__PROBLEM STATEMENT__
Your copy of the lines below must match them exactly and contain no images.

__INPUT DATA__
* * * * * * *
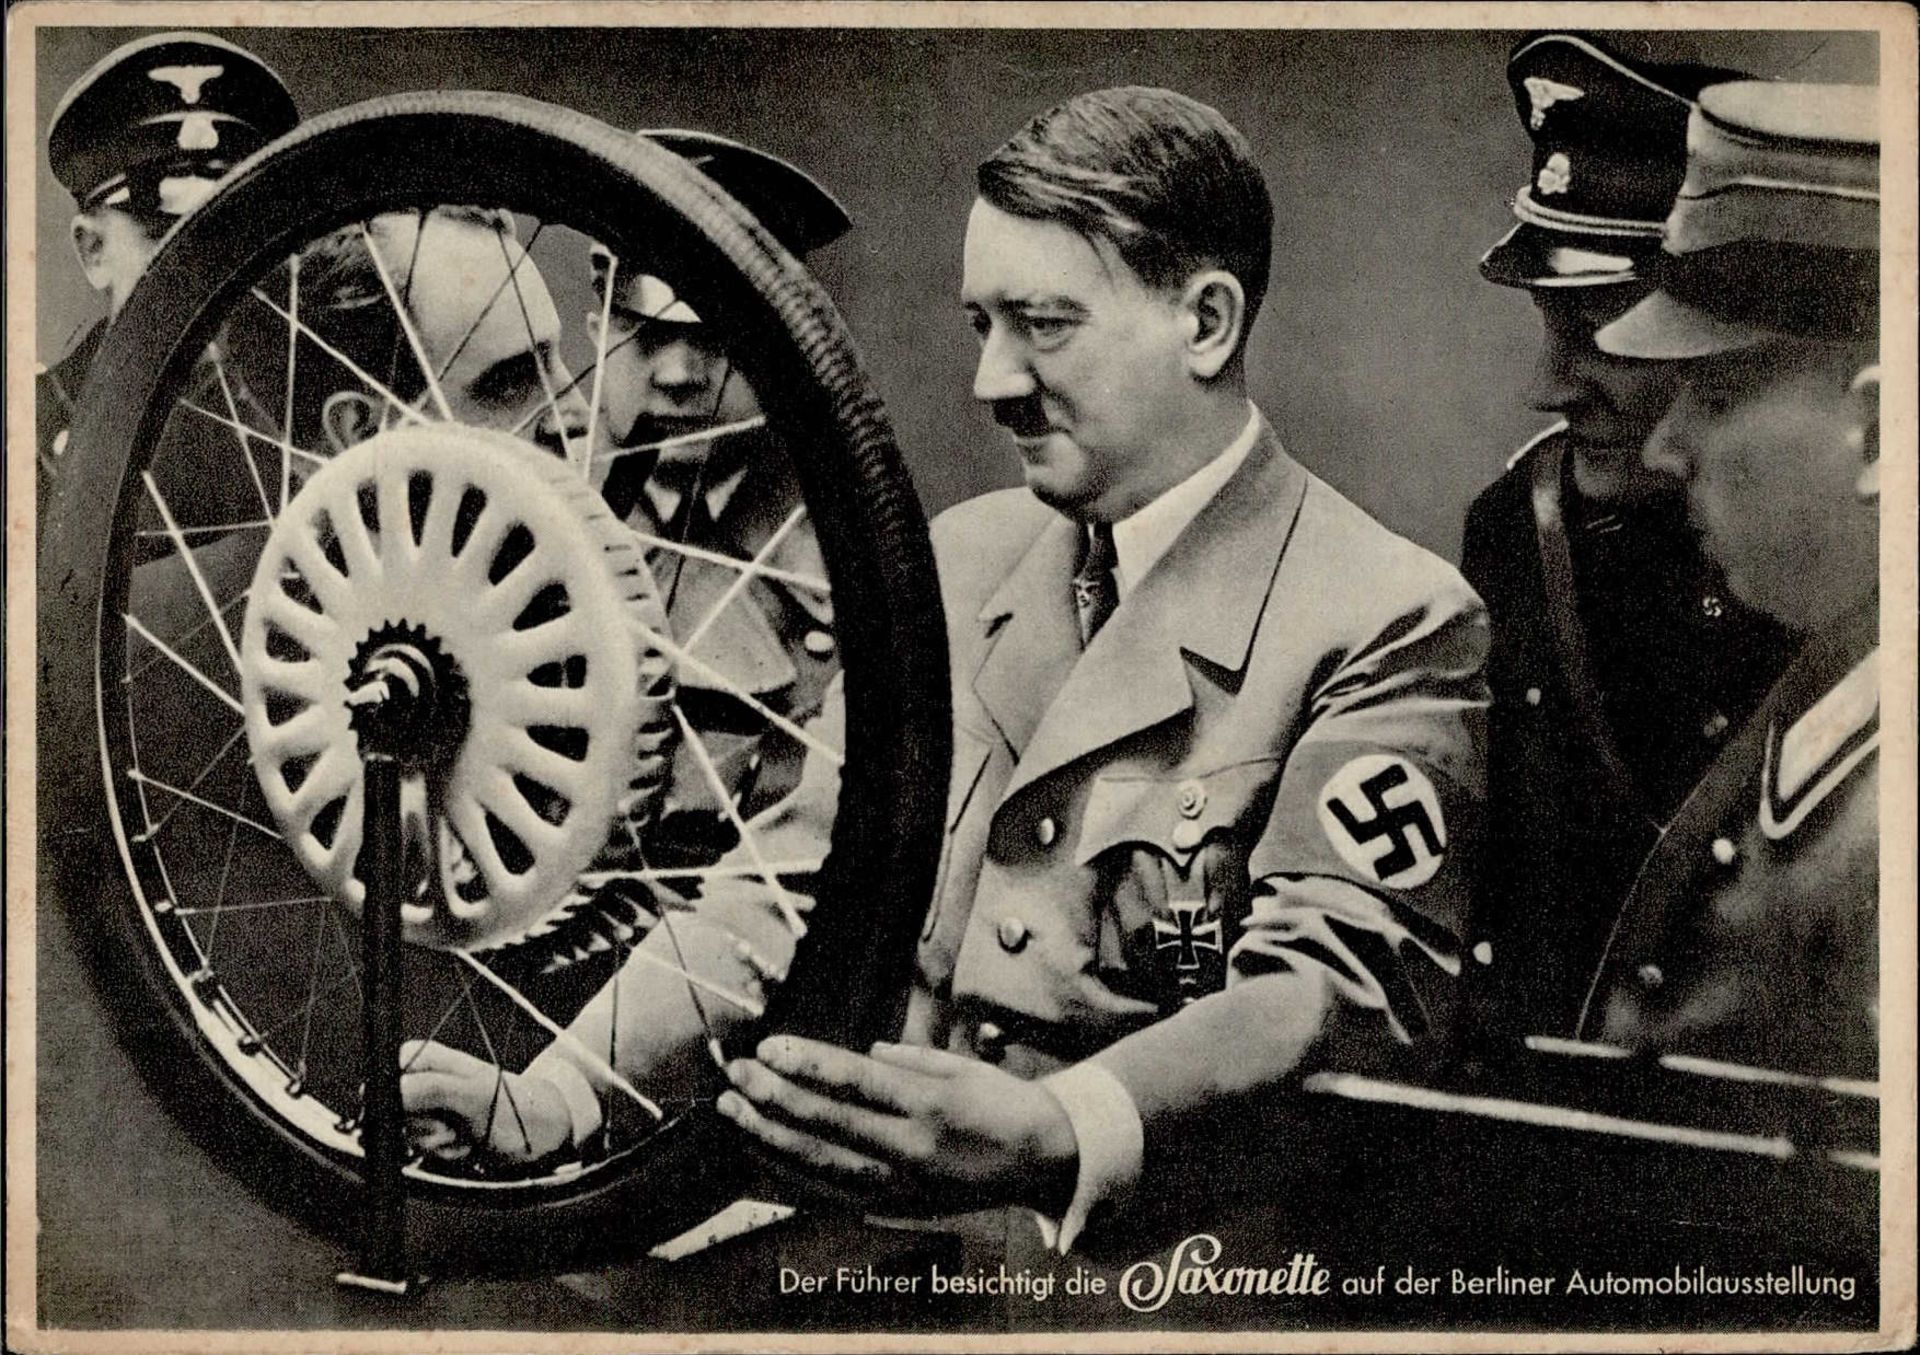 Hitler auf der Berliner Automobilausstellung mit Saxonette I-II
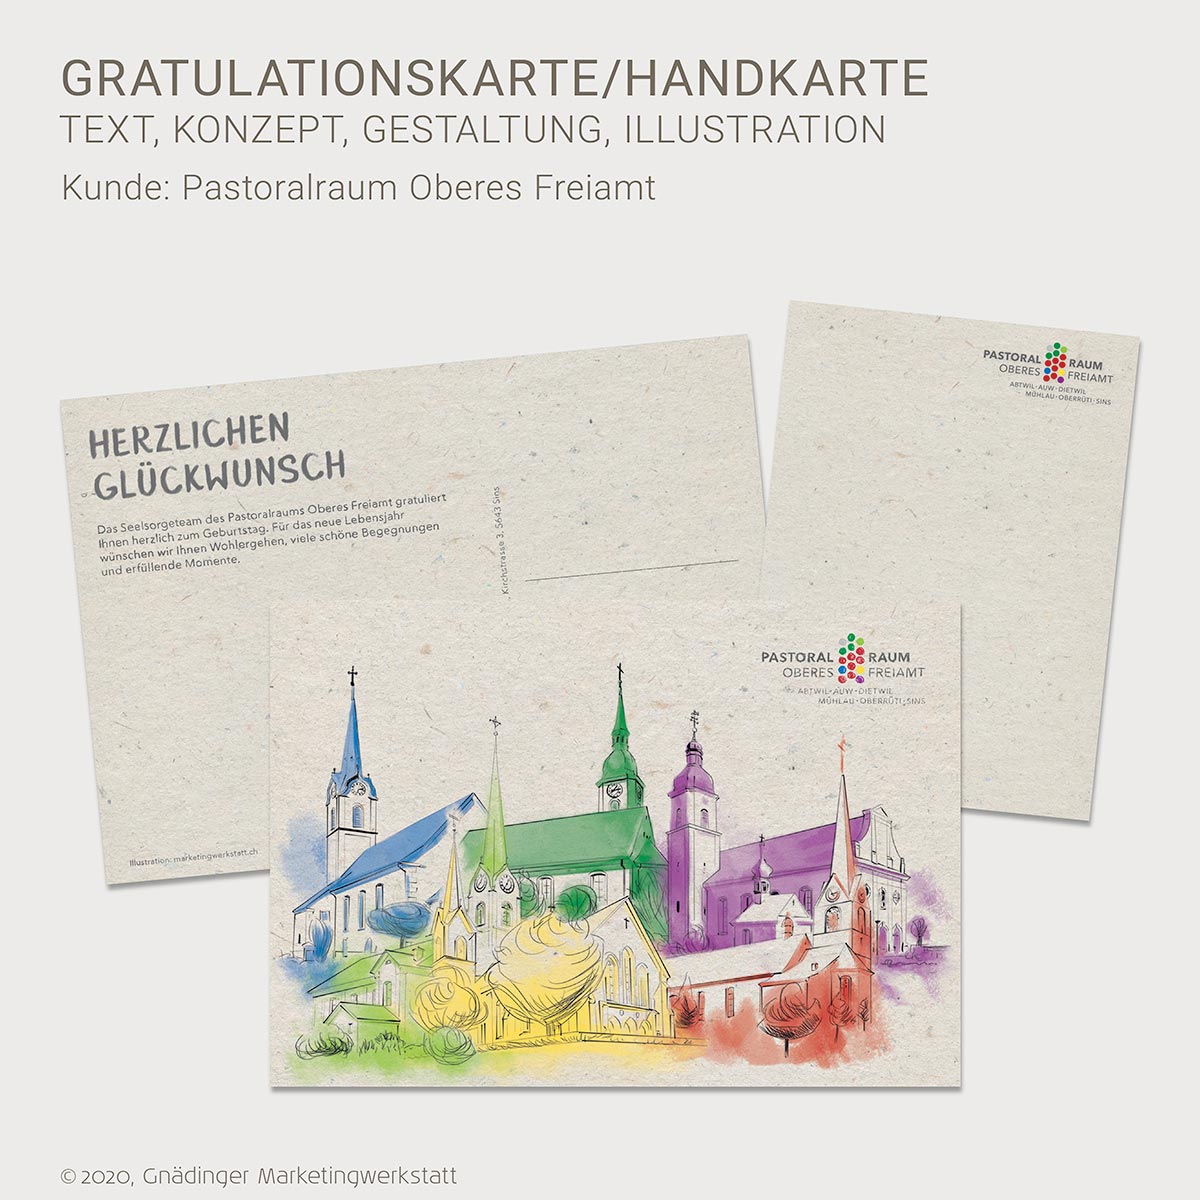 WEB1_GMW_Projekt_Pastoralraum-OF-Geburtstag-Handkarte_12-2020
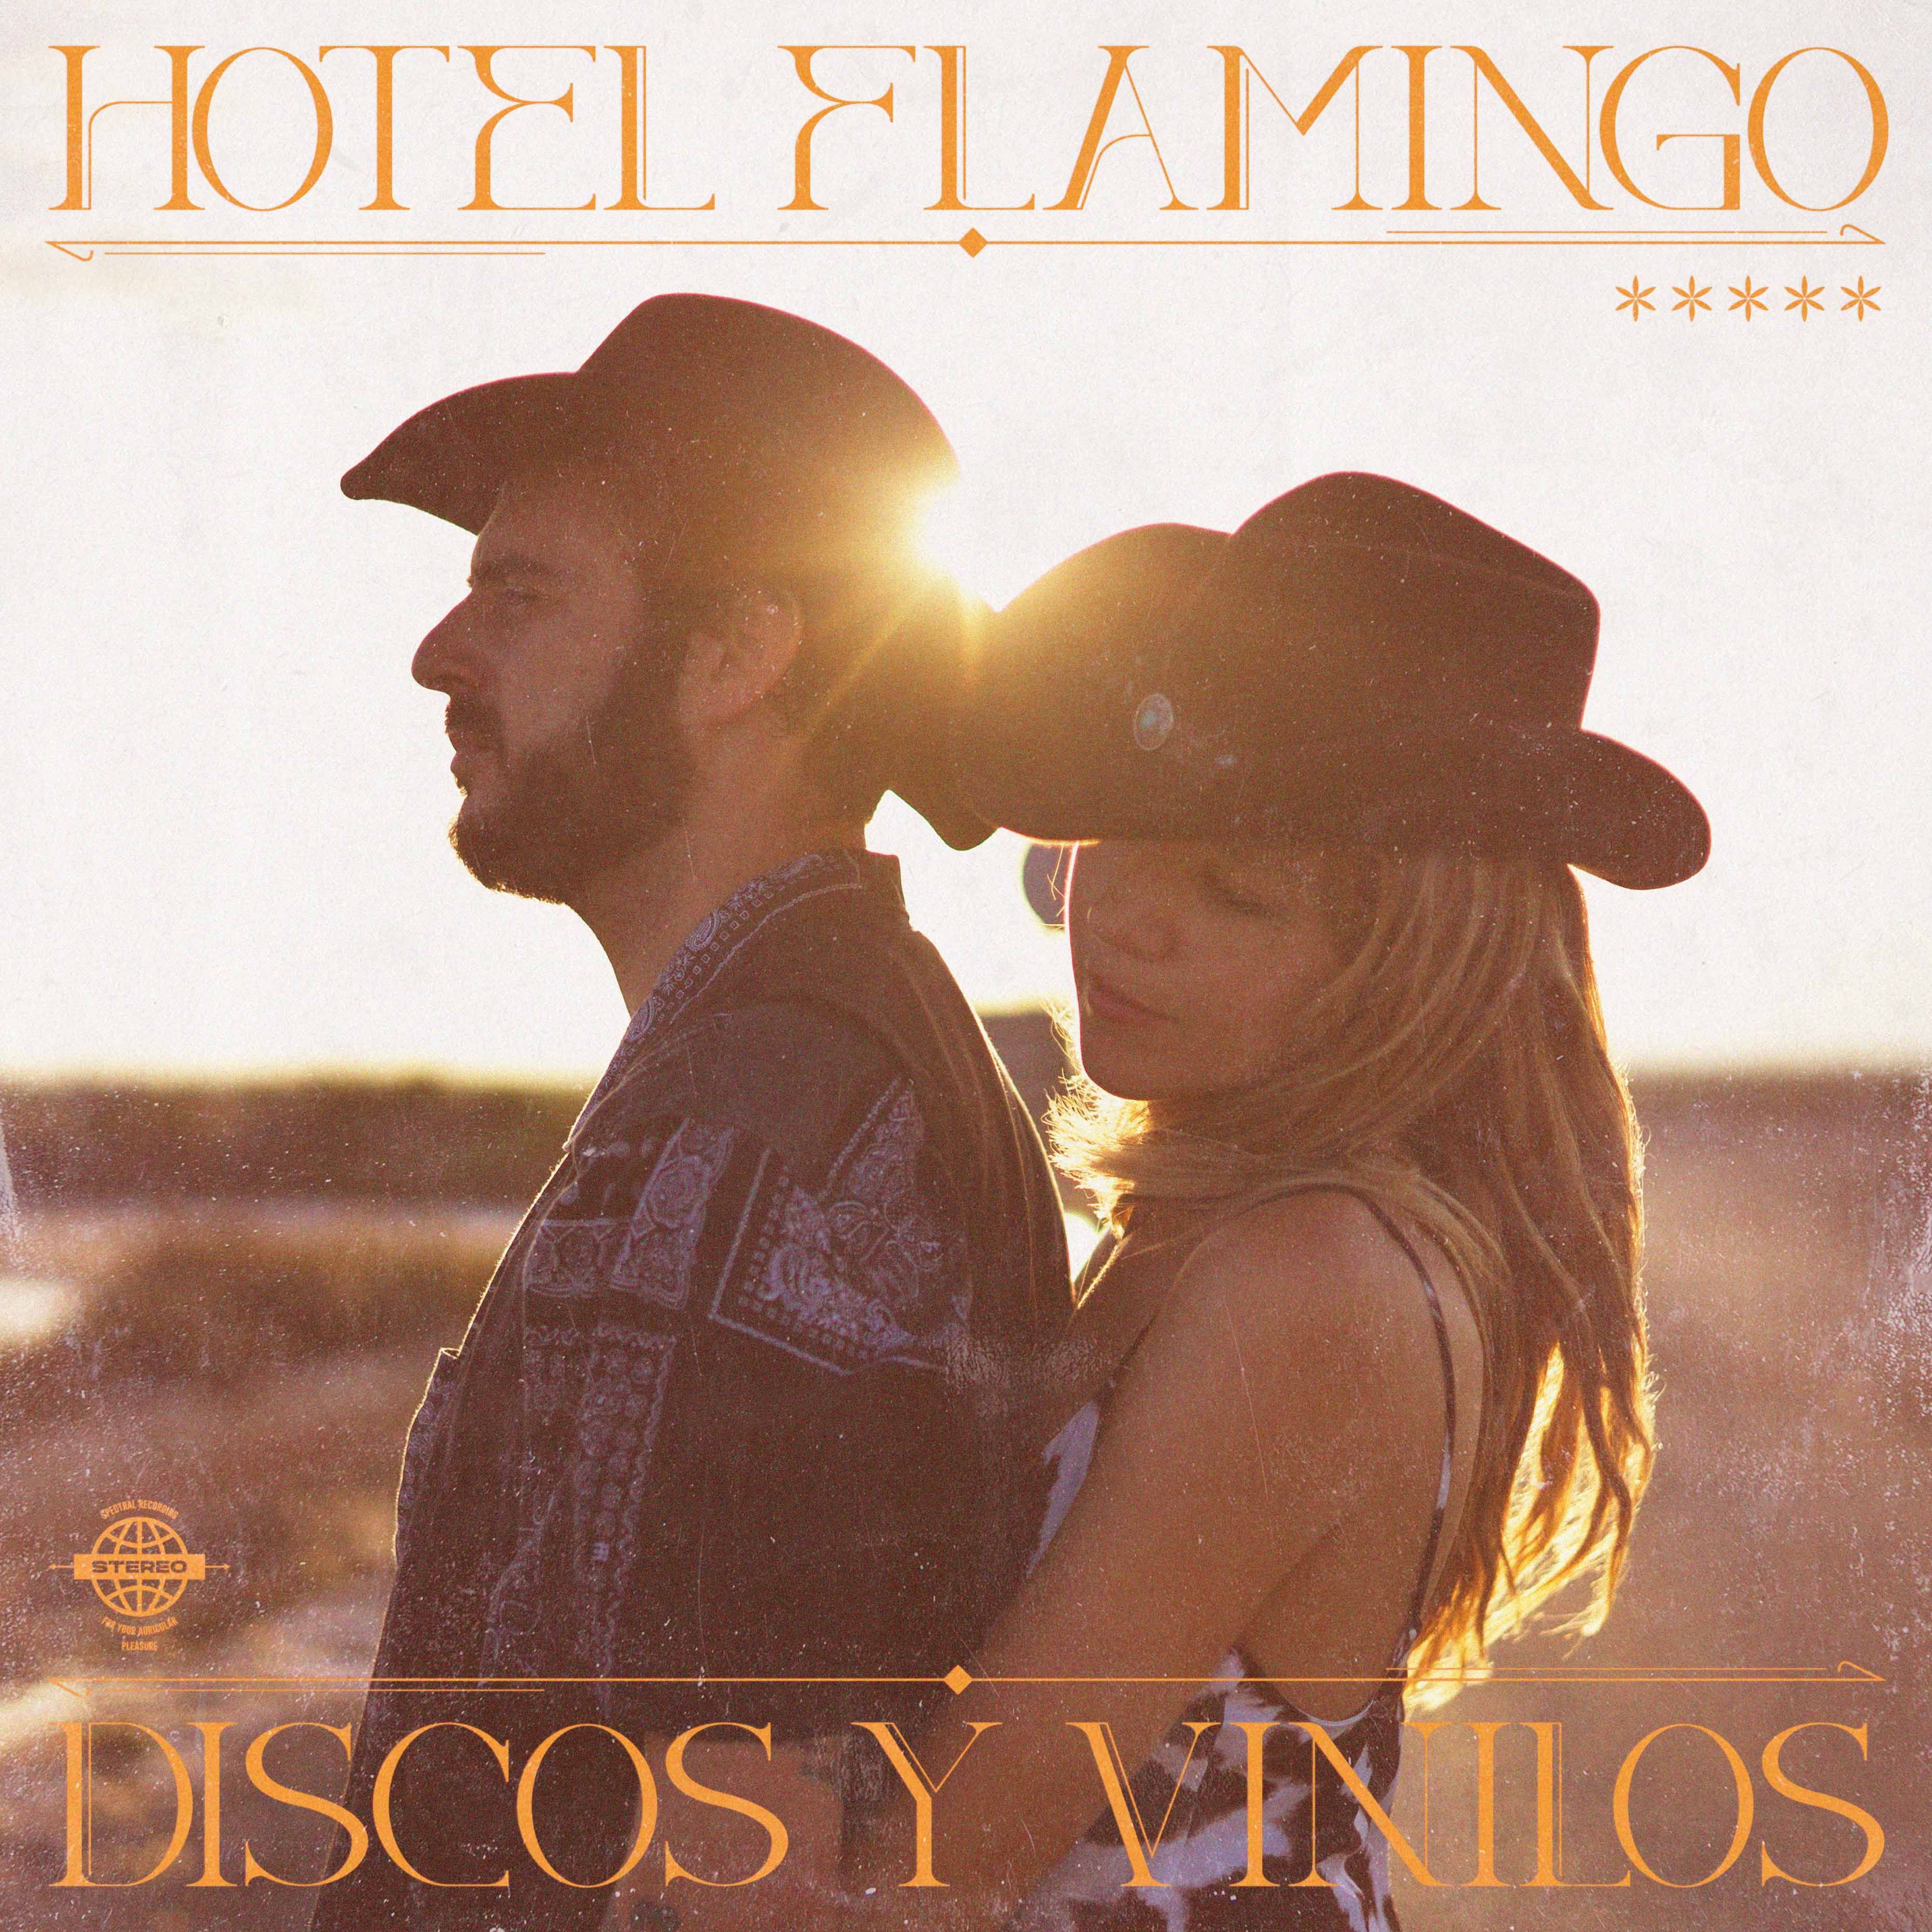 Hotel Flamingo, el grupo formado por Andrea Guasch y Rosco, presenta su primer disco
* * * * * * *
__WRITTEN RESPONSE__
 Hitler auf der Berliner Automobilausstellung mit Saxonette I-II
 WEB1_GMW_Projekt_Pastoralraum-OF-Geburtstag-Handkarte_12-2020
 Hotel Flamingo, el grupo formado por Andrea Guasch y Rosco, presenta su primer disco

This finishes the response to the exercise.